Major Kenneth Alfred Biggs GC (26 February 1911 − 11 January 1998) was a British Army officer of the Royal Army Ordnance Corps (RAOC) who was awarded the George Cross (GC) for gallantry in his actions in rescuing people from an ammunition train on 2 January 1946 in Savernake Forest, Wiltshire, and preventing a major explosion.

==Early life==
Biggs was born on 26 February 1911 in Greenway, Totteridge in Hertfordshire. He was educated at Tollington School, Muswell Hill and from there joined the Midland Bank.
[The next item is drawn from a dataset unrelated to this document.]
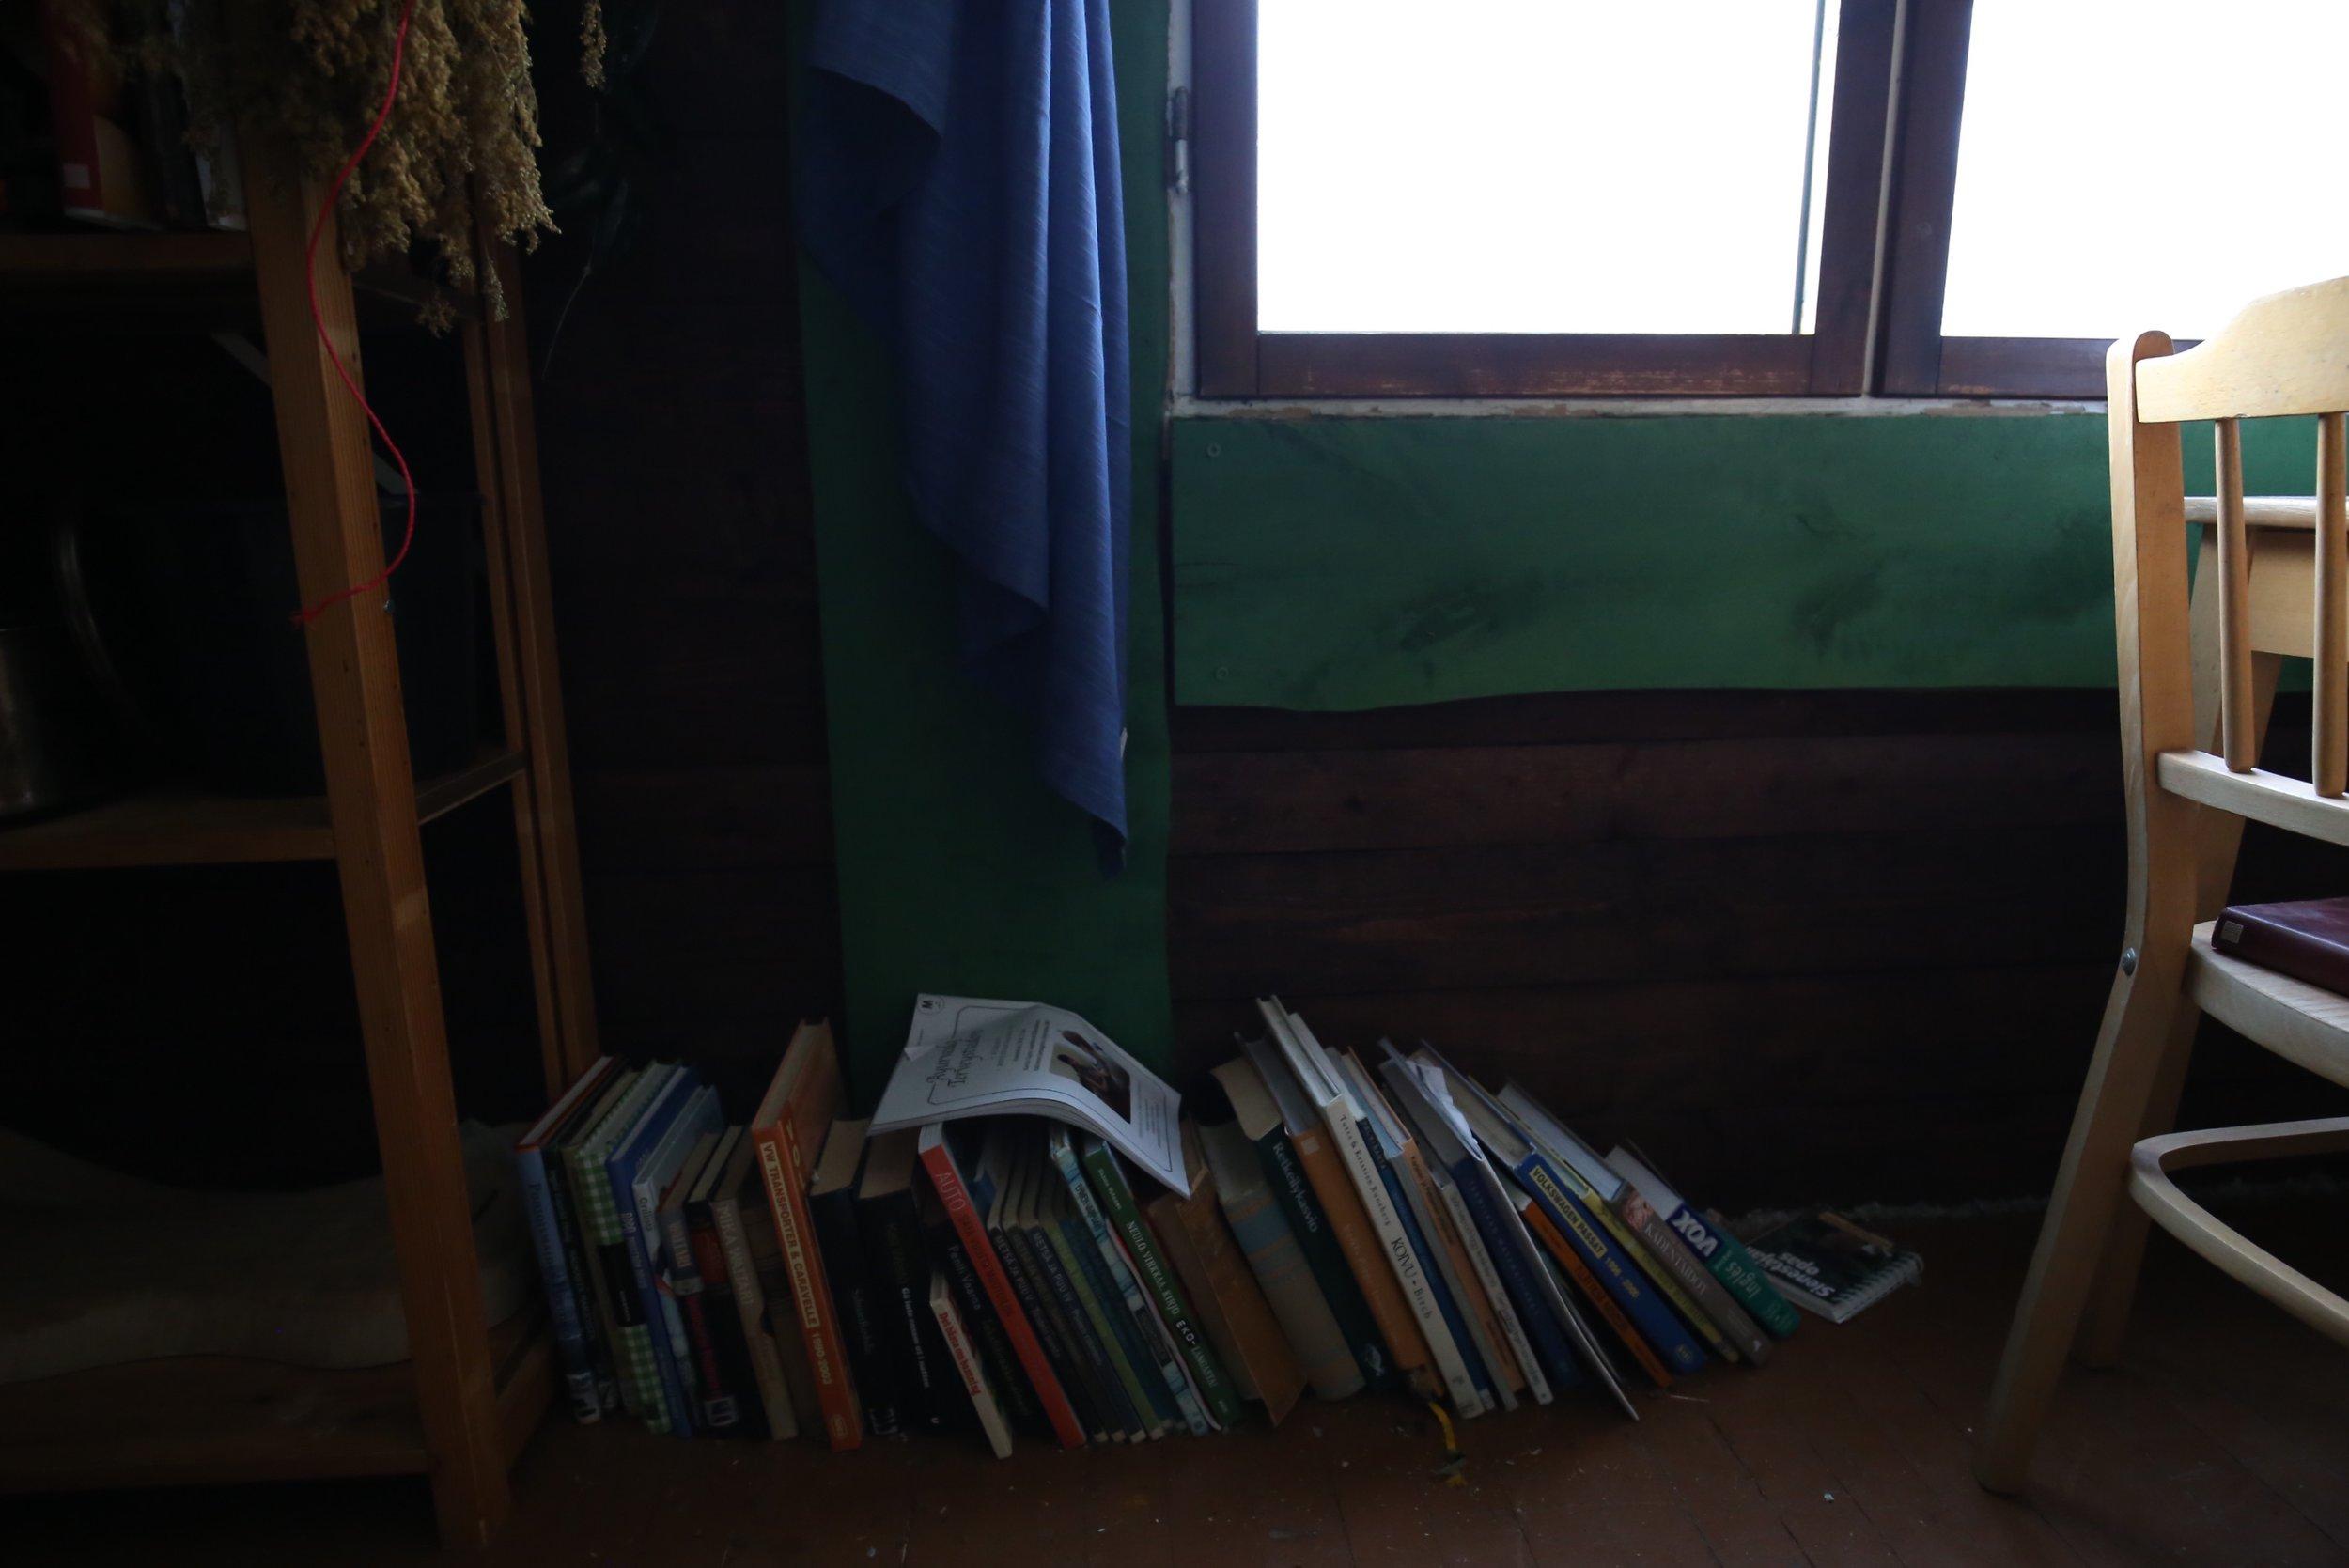 books on the floor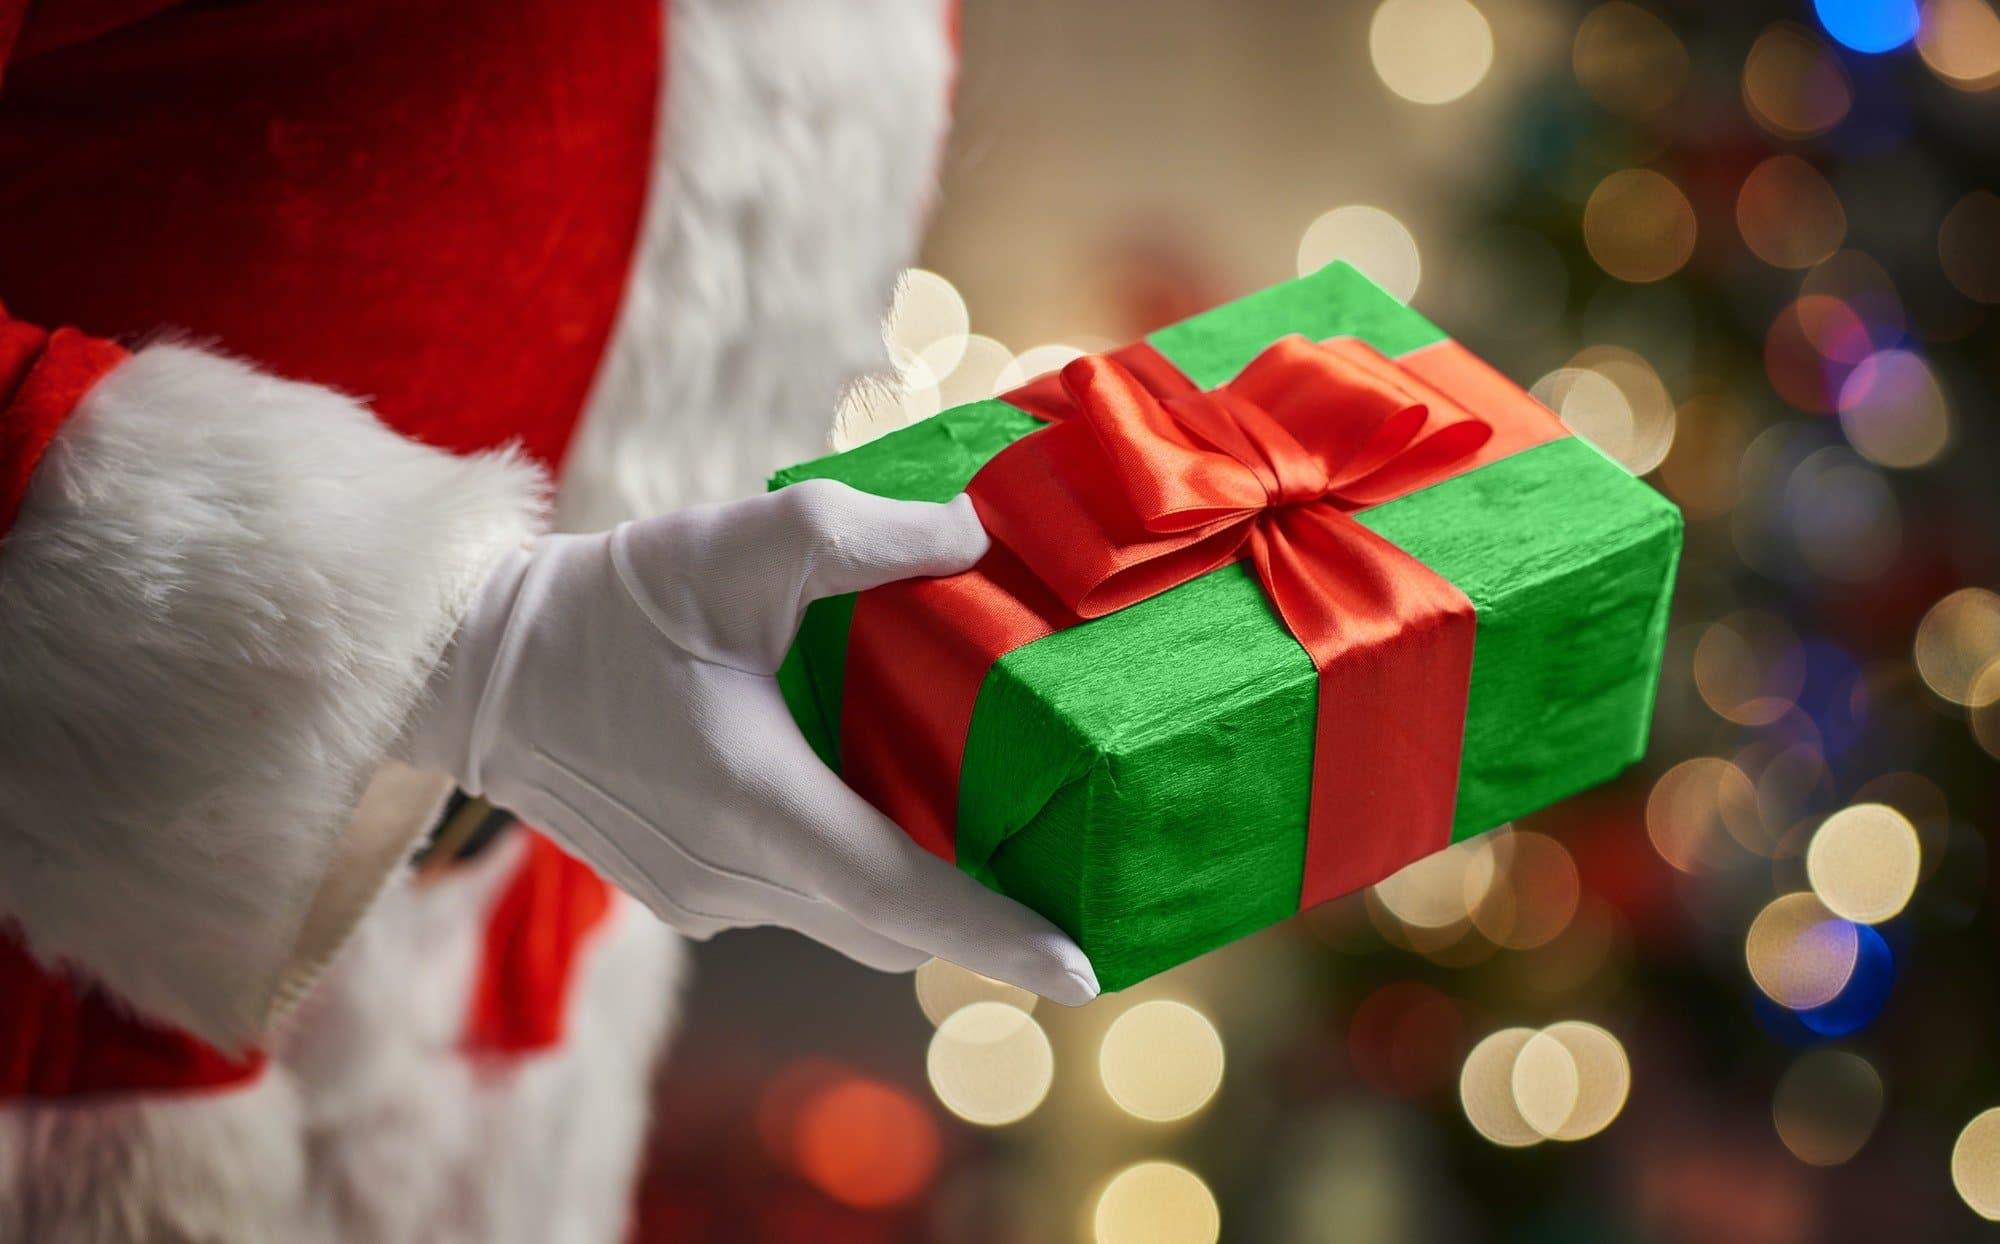 Hands of Santa Claus

He married Jane in 1938.

==Army service==
He joined the British Army in 1940 during World War II, initially serving in the ranks, he was a lance corporal when he was commissioned as a second lieutenant in the Royal Army Ordnance Corps (RAOC) on 26 December 1940. His service was all in the Middle East and Far East, he was away from home for five years. He was trained as in the supply and storage of ammunition, initially supporting British forces in Palestine and Iraq, before being posted to India where he was involved in the supply of ammunition to the Fourteenth Army for the Burma campaign.

By 1946, when the war was over, when Biggs was a captain and temporary major, he had returned to the United Kingdom, being stationed at CAD Corsham whilst nearing demobilisation.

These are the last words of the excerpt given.